What happens when more people can start and grow businesses, and hire more people who love the mission, instead of working as a drone in some corporate job they hate? People are more productive and happy when they do what they love, and are not some cog in the wheel. The industrial age for organizations is over. Small, fast-moving, passionate businesses outperform monolithic conglomerates with no soul. More happy and productive people increase the wealth of our society.

What happens when ownership in growing private companies is shared more equitably across a broad spectrum of society, not siphoned off by the rich and well connected? Especially when you consider that increasing AI, automation, and globalization will continue to destroy rote jobs and keep wages down. Capitalists earn most of the wealth in our country, and our job is to allow everyone to be a capitalist, not just the rich gatekeepers.

What happens when the power of Wall St and Sand Hill Road is diminished? Why should a handful of huge banks or a few dozen VC firms direct where the majority of our capital goes, over which businesses can get created, and who can start them? Do you think these gatekeepers can direct capital more efficiently then a community of informed citizens who are experts in their own domain or neighborhood?

Every single case study I am aware of shows that decentralized capital allocation trumps centralized planning. We’re simply decentralizing it to a level that was not possible to do safely before the Internet. Our system of finance is a holdover from the pre-Internet era, and it’s our job to destroy it and re-build it more equitably.

I know abstract stats don’t mean much. So what if we increase GDP by 1%? Instead think of the hundreds of business owners we have met on our train trip across the county, and how we can change their lives, and the lives of the people they hire, and the lives of the people who use their products. It’s easy to fall into the trap that the only ‘worthy’ investments are 20-something Silicon Valley founders trying to create the next Uber. Sure, let’s democratize access to those investments — I find that shit exciting. But supporting a black community restaurant in the south side of Chicago or a bike manufacturer in Detroit is just as meaningful, and just as important. Many of these businesses will simply not exist — or grow — without us.

We are creating a nation of more owners, doing what they love, invested in by those who love them. We are increasing the pool of talent that can create more businesses. And we are making capitalism work for everyone again.

This is not going to be easy. We picked one of the hardest challenges there is. Even if we execute perfectly, it’ll take up to a decade to achieve lasting structural reform. We’ll need to fight off constant attacks by the gatekeepers that be, and convince Congress and the SEC for more regulatory change. It’ll be an epic battle. But it starts with what we can do over the next 54 days. We’ll be killed in the cradle if we don’t perform. We help new companies run circles around powerful incumbents. We can’t do that if they kill us first.

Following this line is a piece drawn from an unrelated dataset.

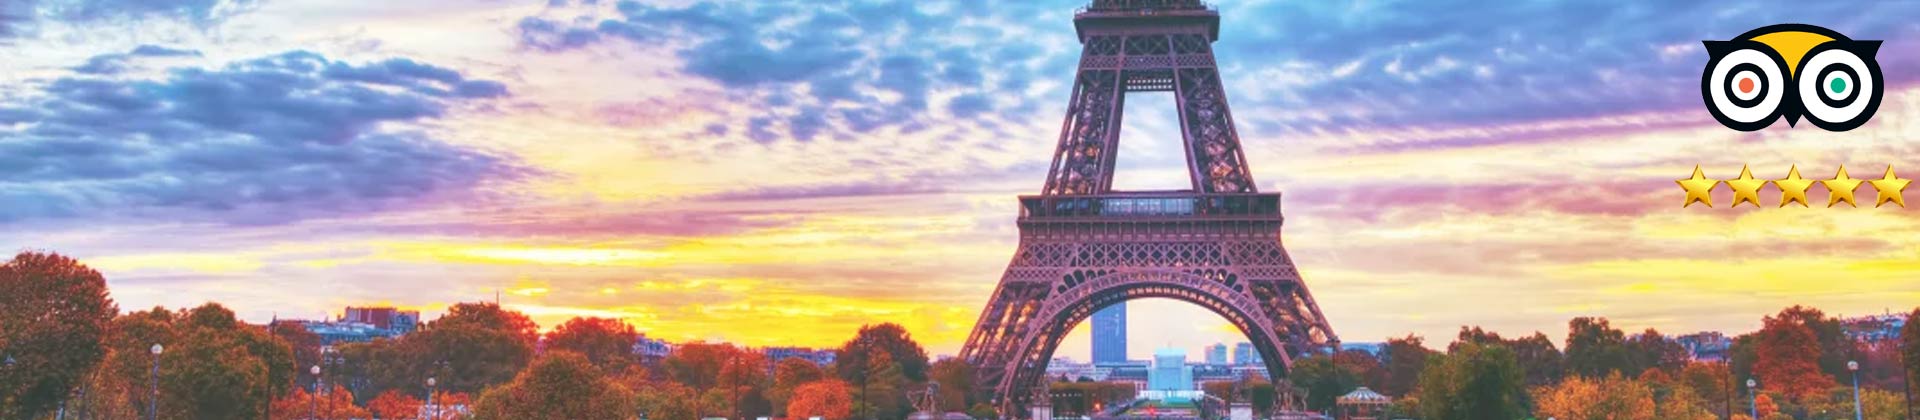 Paris Eiffel Tour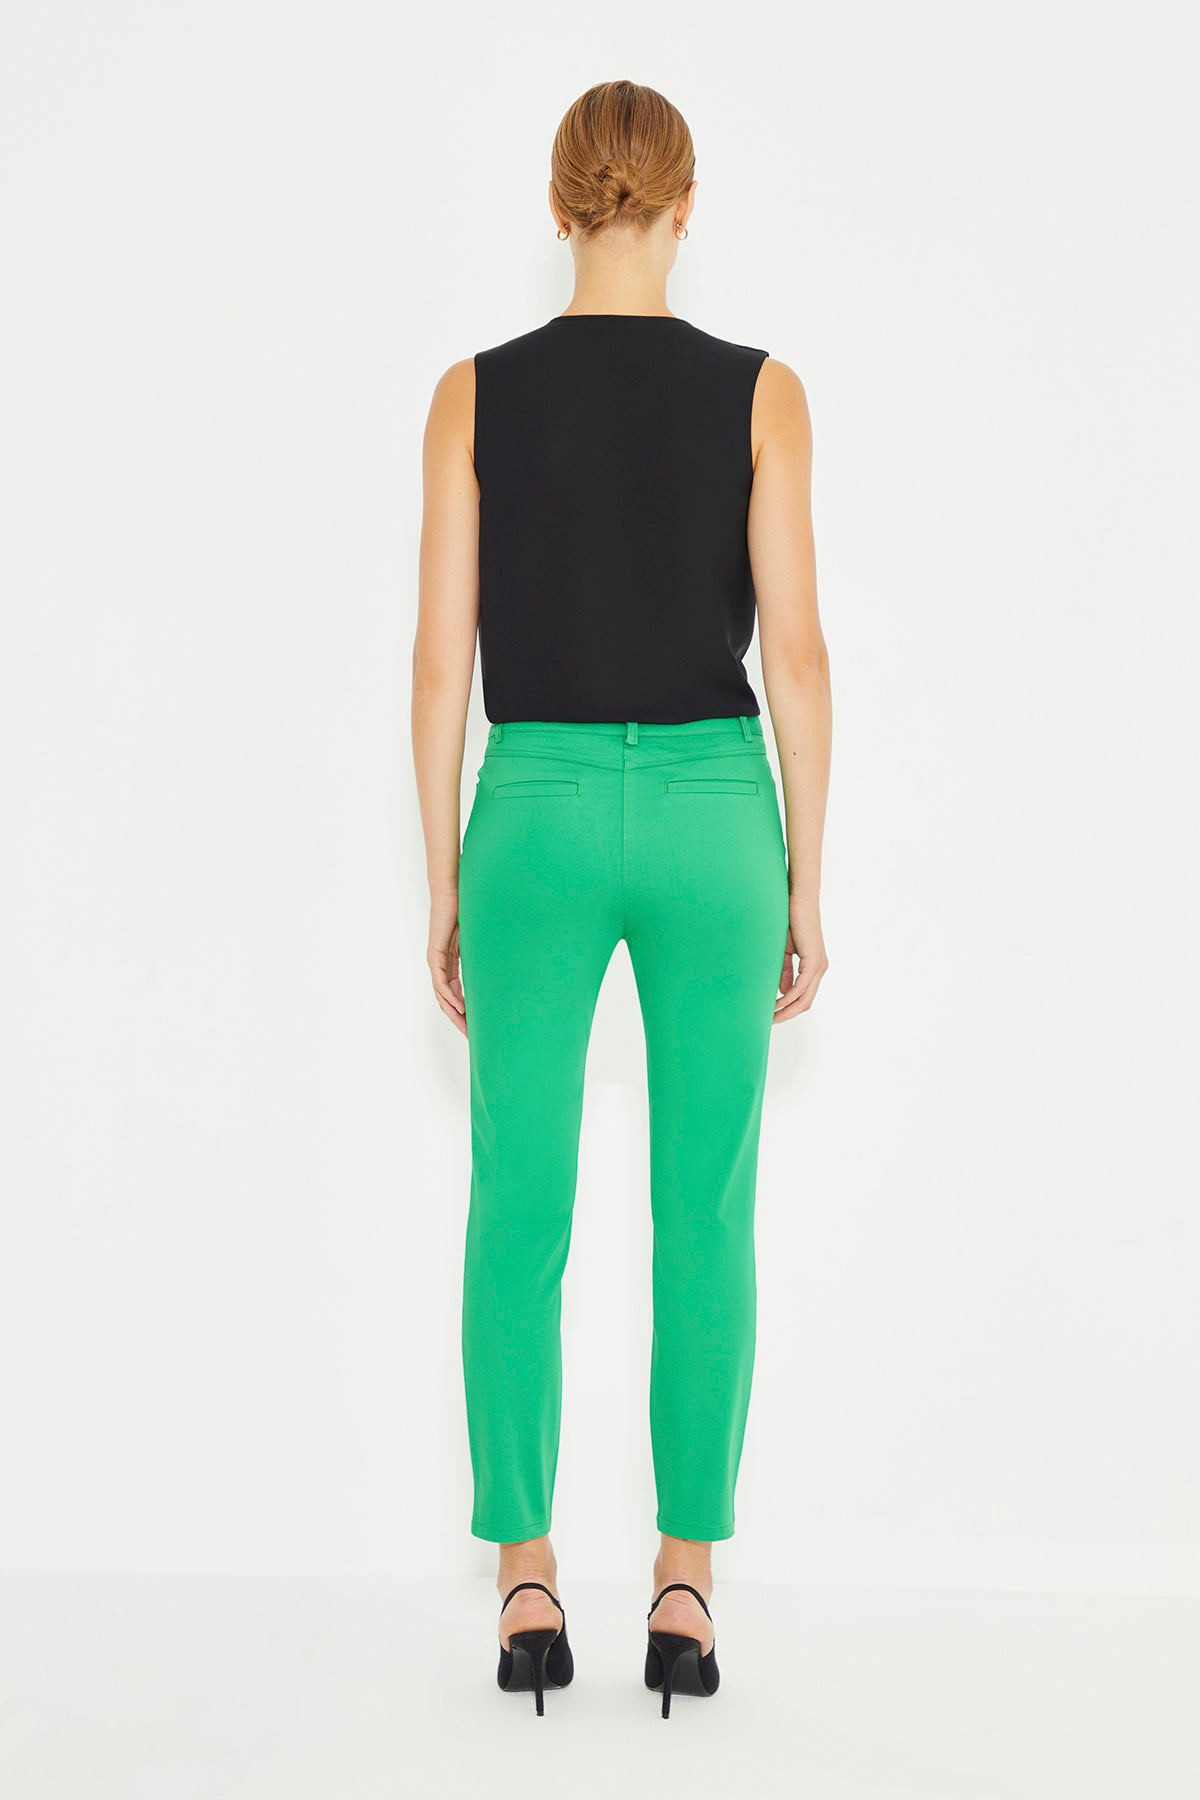 Green Five Pocket Slim Fit Women's Trousers

Putting together this team is my proudest accomplishment, and I want to keep the band together as long as I can. That’s only going to happen if we’re all learning and growing in the ways we want, have the resources to design our lives the way we want, and all work together to have the impact we want. So let’s get it done.

I’d like to think that when I’m a crazy old man in my 80’s — should I somehow manage to live that long — I will look upon this time as the crux of my life. But I’ll know in my heart — and be eternally grateful — that it’s all of you that made it happen. You are all more than just work colleagues and more than just friends. The right word doesn’t exist, in English at least.

And it’s just the start of the journey.